──────── DATA SHOWN
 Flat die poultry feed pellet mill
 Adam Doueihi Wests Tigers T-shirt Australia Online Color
────────────────
──────── DATA SHOWN
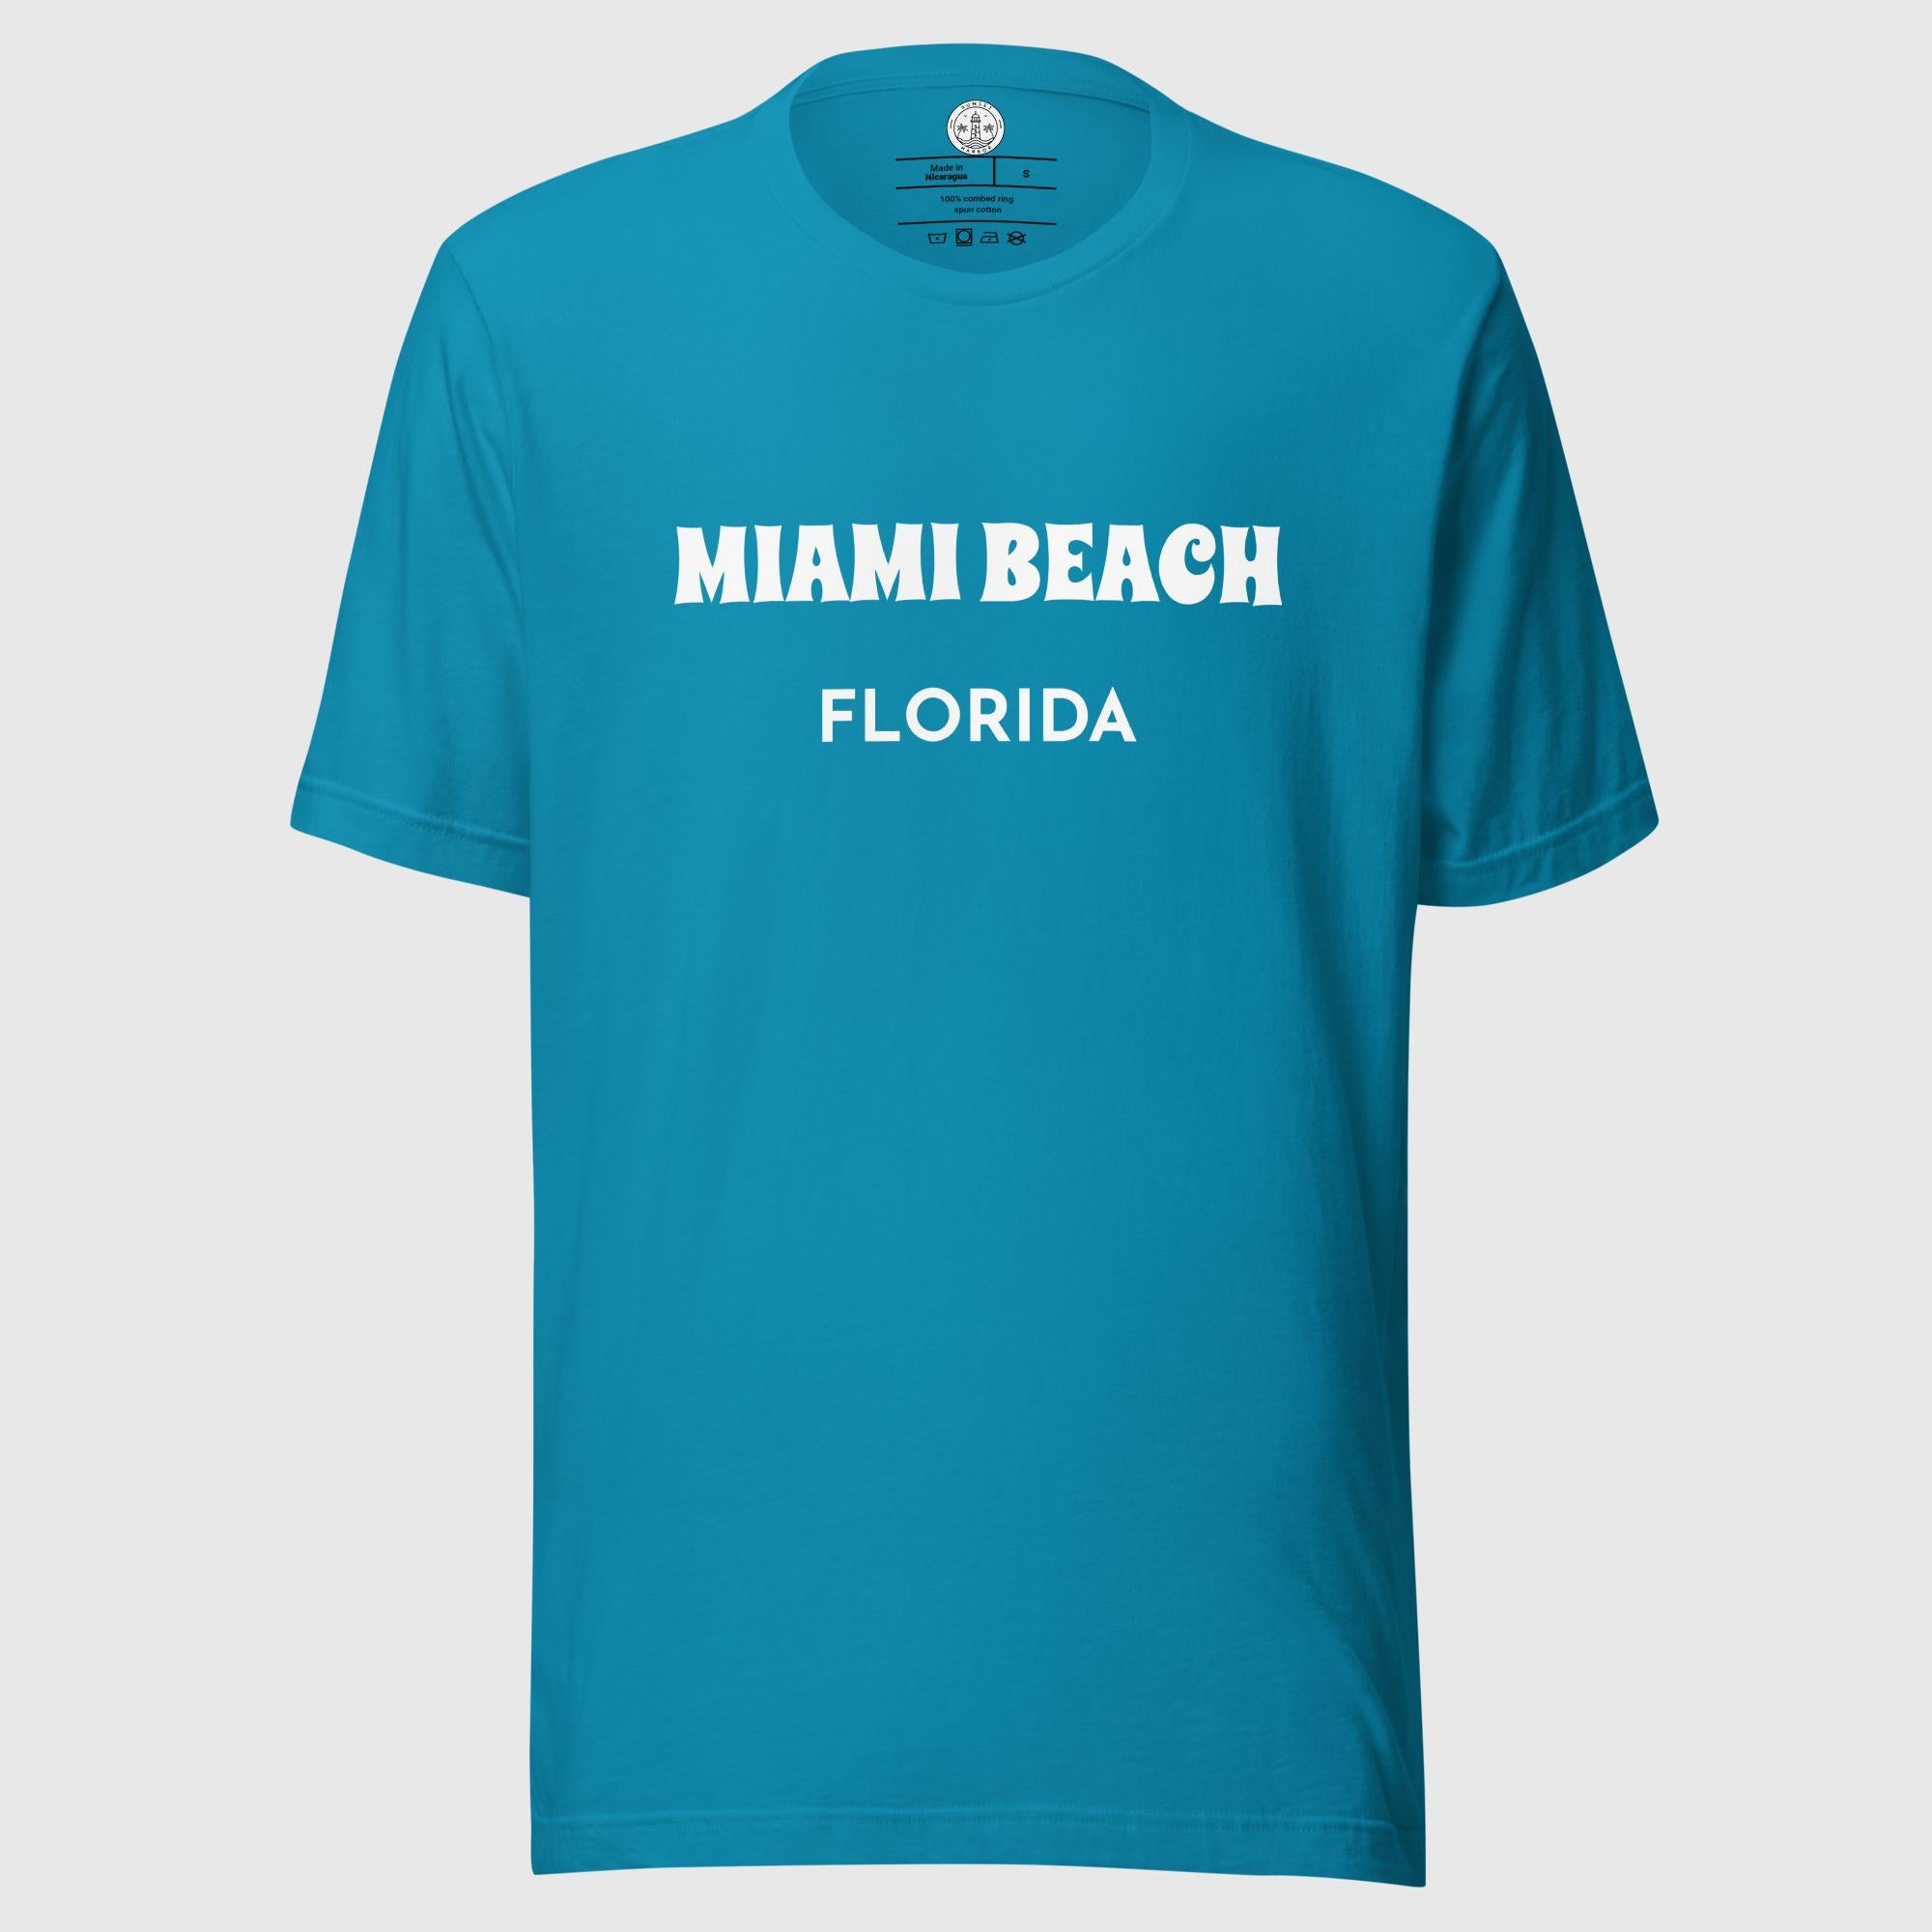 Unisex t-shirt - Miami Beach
────────────────
──────── DATA SHOWN
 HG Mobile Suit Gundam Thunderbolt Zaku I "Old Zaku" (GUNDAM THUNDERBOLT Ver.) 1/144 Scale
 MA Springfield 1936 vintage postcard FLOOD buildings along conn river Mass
────────────────
* WHAT IS EXPECTED:
Every line above from the line with "Flat die poultry feed pellet mill" to the line with "Adam Doueihi Wests", both included, must be reproduced exactly, and no other line may appear.

* WRITTEN SOLUTION:
 Flat die poultry feed pellet mill
 Adam Doueihi Wests Tigers T-shirt Australia Online Color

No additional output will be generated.